Regarding the nuclear waste management in the Ostrovets NPP it is necessary to say that Russia's policy for building nuclear power plants in non-nuclear weapons states is to deliver on a turnkey basis, including supply of all fuel and repatriation of used fuel for the life of the plant. The fuel is to be reprocessed in Russia and the separated wastes returned to the client country eventually.

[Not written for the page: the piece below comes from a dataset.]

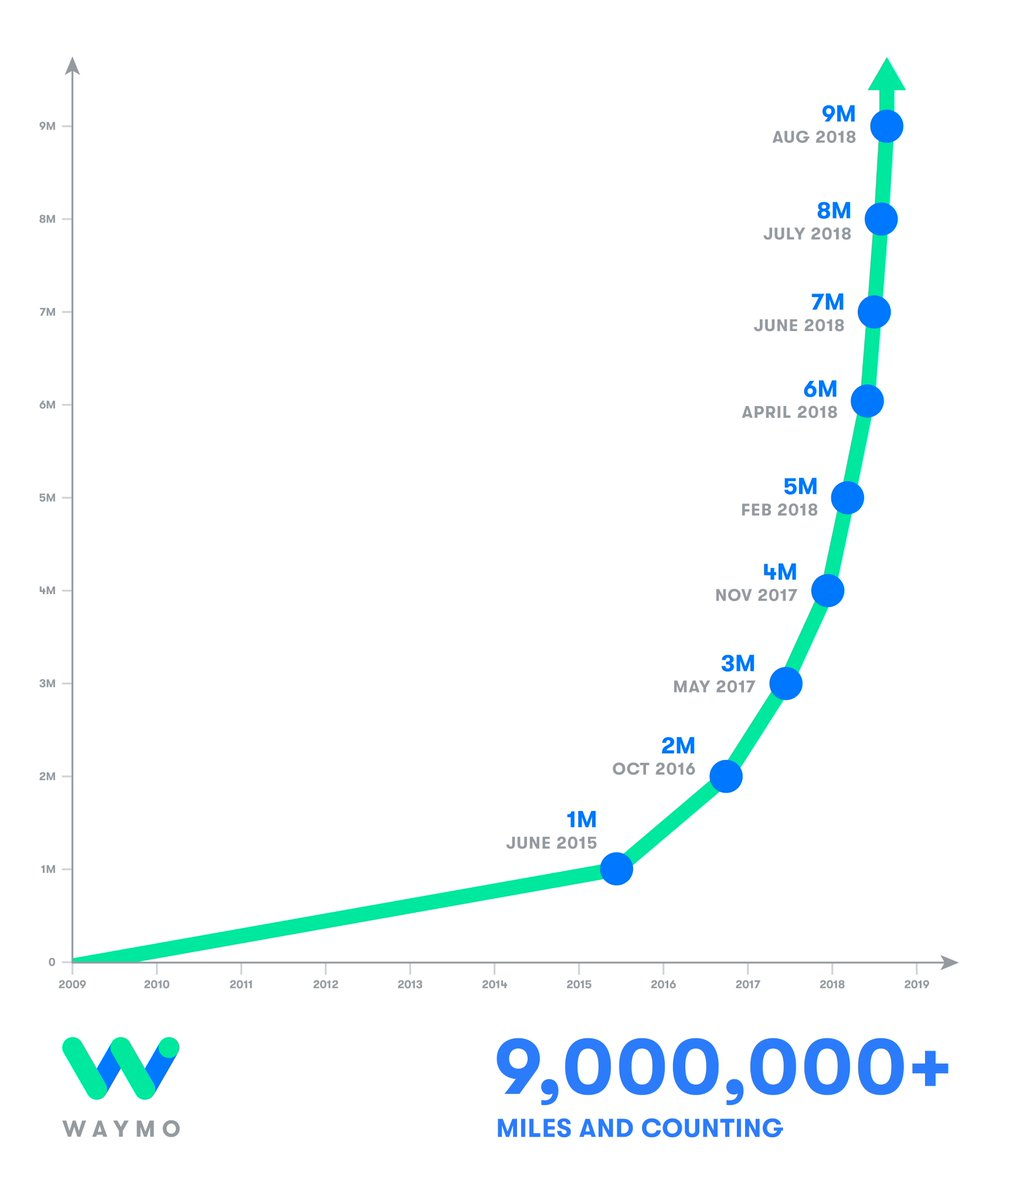 Waymo Testmeilen im chronologischen Vergleich.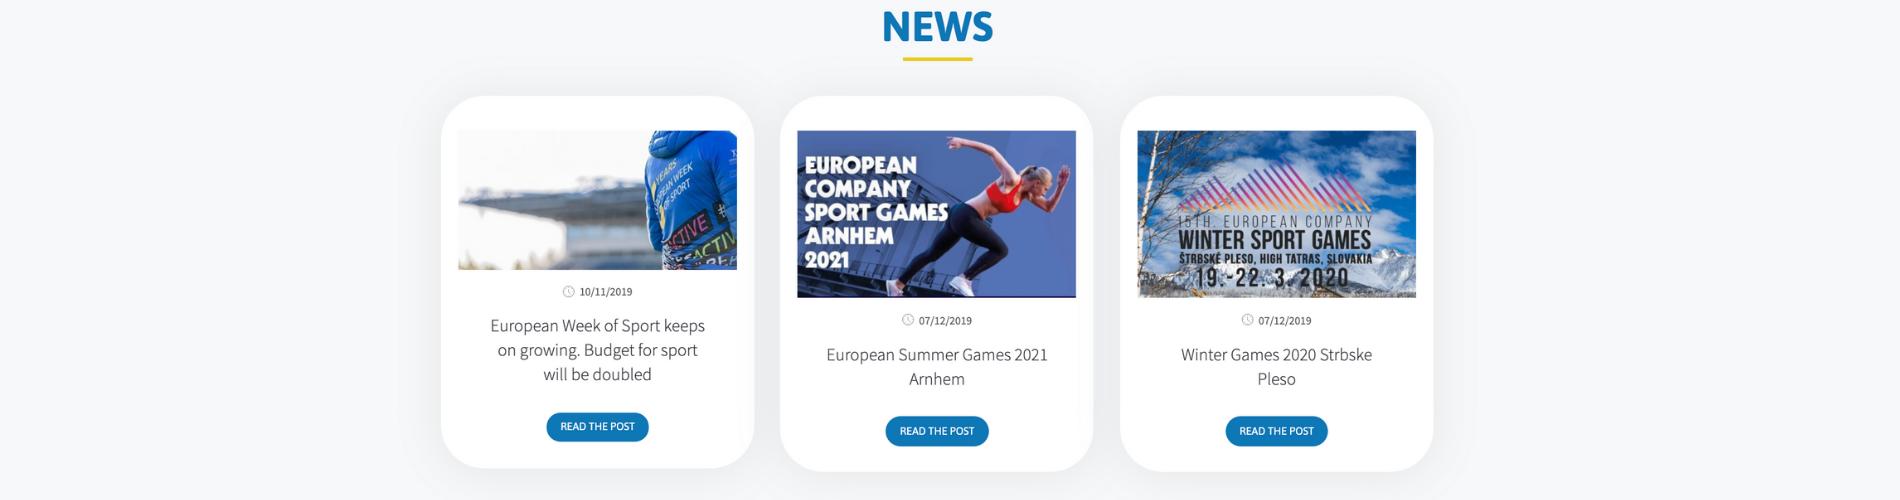 Screen site EFCS news

In 2011 Russia and Belarus signed a 10 billion USD loan agreement which should cover 90 percent of the Ostrovets NPP construction costs. Having in mind that huge funds are necessary for the renewal of Russian power plants and grids, the future of financing of the Ostrovets NPP from Russian funds heavily depends on Russia‘s attempts to realise its energy interests in the Baltic countries which are the targets of the Ostrovets NPP.
In order to evaluate competitiveness of their nuclear power plant the Belarusians applied the INPRO methodology recommended by the IAEA for the assessment of direct project costs and expenditure for infrastructure, nuclear waste management, safety of the environment and physical object and nuclear safety. According to the analysis, the price of the Ostrovets NPP energy (in USD cents) should be 5,81 ct /kWh (for comparison: energy price generated in the new coal-fired power plant would be 6,52 ct/kWh, in the gas-fired power plant– 6,76 ct/kWh). If Belarusians manage to reach the indicated price, they could seriously consider the export of energy to the Baltic States‘ energy market. On the other hand, nobody knows the final price of energy produced in the Ostrovets NPP, as well as the price of energy in the Baltic States energy market by 2020.
It is also necessary to mention the nuclear cooperation agreement signed in 2009 by Belarus and China. Last year Chinese energy company has contracted to build a 330 kV transmission line to connect the Ostrovets power plant to the grid. This has slightly increased the possibility of Belarus to successfully manage the construction of a nuclear power plant.
Ostrovets NPP project is fully dependent on Russia, yet the latter is also building the Baltic NPP project in Kaliningrad region. In a certain sense these projects are competing, since Russia seeks the same goals with respect to Baltic States. For Russia the Ostrovets NPP is less important than the Baltic NPP, since this power plant will have to ensure energy security in the Kaliningrad Region the military power of which is very important for Russia. However, it is difficult to forecast finalisation of the Ostrovets NPP project. Although its beginning was promising for Belarus and opening the opportunities of more extensive energy cooperation with Lithuania, the current situation is ambiguous. Lithuania cannot do anything when Russia through Belarus is building a nuclear power plant close to our borders; yet, having analysed the processes taking place in the country and around, it could be concluded that it is us, citizens, who must decide on whether Russian nuclear power plants are to be constructed in our neighbourhood or not. The situation with the Kaliningrad NPP is also unclear; it was also determined by Lithuania‘s resistance not to buy energy from this plant. Without any doubt, very soon we‘ll receive proposals to buy energy from the Ostrovets NPP. And again – our determination is likely to affect the future of the Ostrovets NPP.